It's reminiscent of the way you can buy spectacular used luxury cars for a
song once they've got a certain amount of wear and miles on the odometer.
Maintaining them and accounting for the future cost of repairs makes their
value drop precipitously.

------
bawana
I just saw a netflix documentary, 'operation odessa', where two guys were
buying russian helos and even a sub for the Cali cartel. I am not amazed at
the resourcefulness of the human animal. Anything we make (including
information) gets weaponized for bad actors. And that's only the stuff we know
about.

------
inamberclad
Any chance a FSDO or DPE is on here? What's the registration process for these
aircraft? Do they get N-numbers? I'm assuming they're registered as
experimental or experimental-exhibition. Do the pilots need type certificates?
Who provides the training?

------
jariel
This is clearly some guy and his buds who _love_ flying combined with the
niche need for adversarial aircraft.

Though it's surely very expensive to operate these things, it's also probably
cheaper than if the USAF had to do it.

Risky business though.

------
phyzome
Kind of weird title. Of all the private air forces, one has to be the most
advanced. And it will be owned by _somebody_.

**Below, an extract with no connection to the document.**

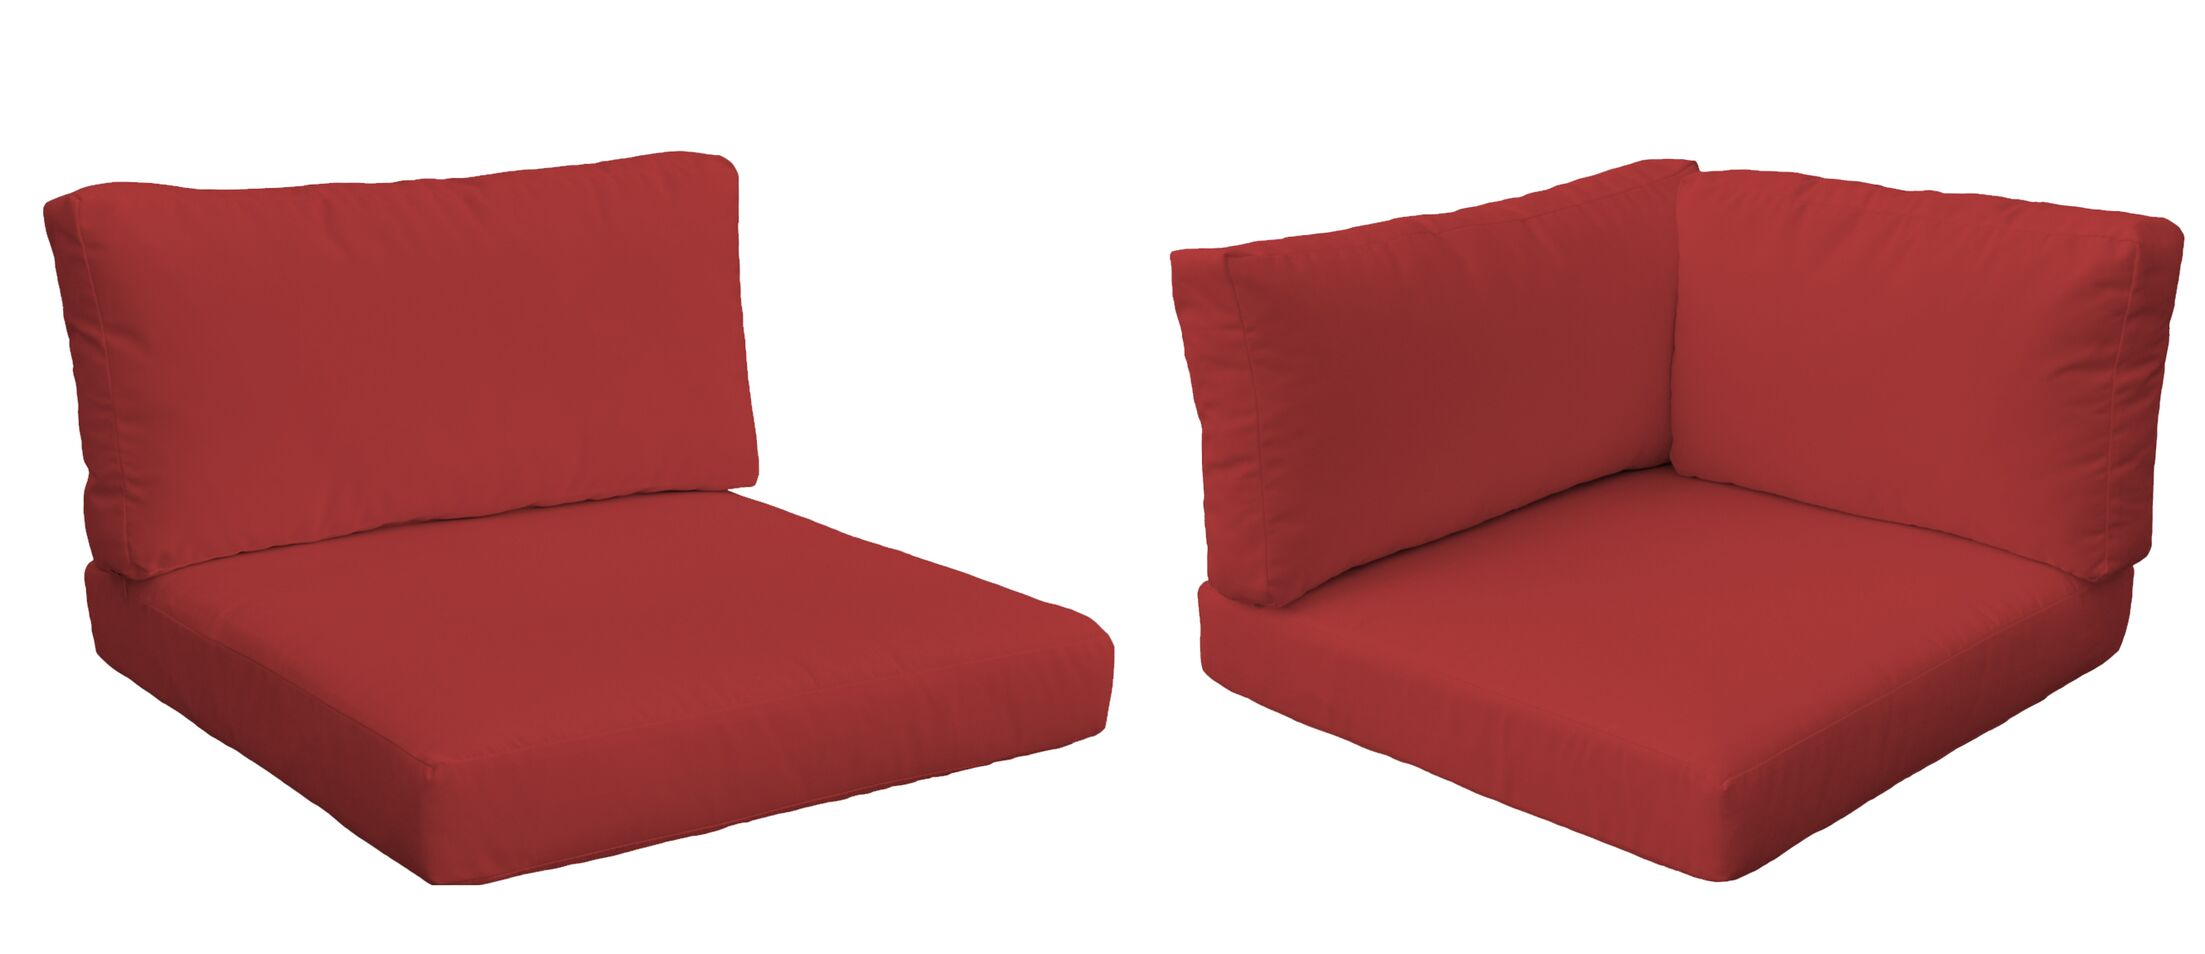 Monaco Outdoor 12 Piece Lounge Chair Cushion Set Fabric: Terracotta

I guess the title is saying that it's specifically a male adult?

------
rkagerer
Did anyone else notice the mention of the M61 20mm Vulcan cannon that's
staying installed? Have these guys got live weapons and ammunition for these
craft?

------
jb775
I wonder if this guy is able to get insurance on the planes. I'd imagine that
if a single plane was destroyed he'd be out millions of dollars.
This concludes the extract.